As for the future? "I want to develop the Sport Business Research Centre here at Coventry. We're launching a masters degree in sport, and I want us to undertake applied research as well as develop our consultancy role and training provisions. I want the centre to be the hub of a network to further advance the study of sport.

"I want to be perceived as a leader in my field; someone people refer to when they need help."

And he gets to spend a lot of time watching high-class sport. "It's a very nice fringe benefit," Professor Chadwick admits.

I GRADUATED FROM
Leicester Polytechnic (BA in economics,1987), De Montfort University (masters in corporate strategy, 1995) and Leeds University (PhD, 2004)

MY FIRST JOB
was personnel manager at North East Breweries during a time of great industrial conflict.
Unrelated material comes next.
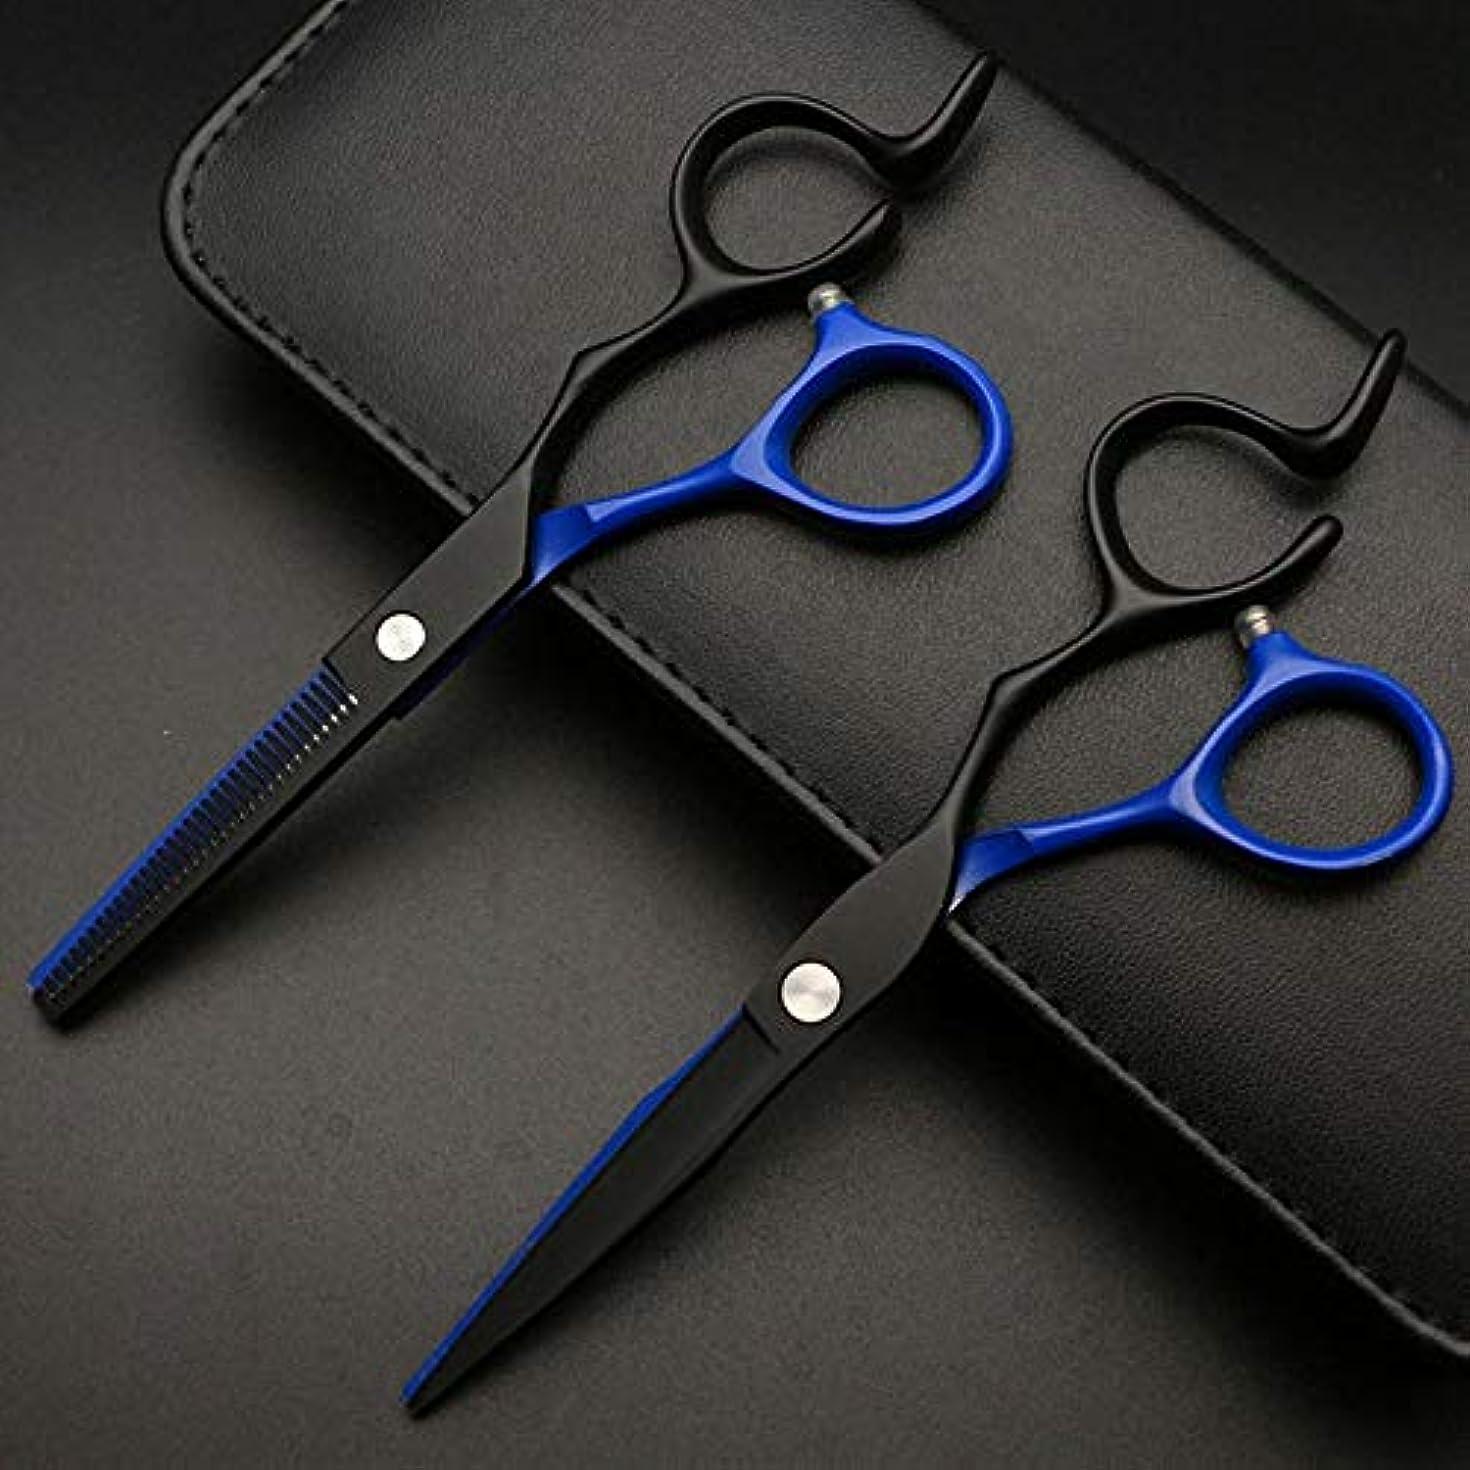 ピューオペラ記述するWASAIO 理髪はさみは、サプリメント薄毛カービングシアーズキットプロフェッショナル理容サロンレイザーエッジツールを組み合わせ5.5インチに設定しトリミング (色 : Black blue)

I didn't enjoy it

MY MAIN CHALLENGE
is to make academics and practitioners realise that the professional management of sport is important

WHAT I HATE MOST
is talking about the Middlesbrough FC result on a Monday when we have lost.

IN TEN YEARS
I want to be working at a senior strategic level with an international organisation such as Uefa or Fifa

MY FAVOURITE JOKE
A man walks into a butcher's shop and asks: "Have you got a sheep's head?"

The butcher replies: "No, it's just the way I part my hair."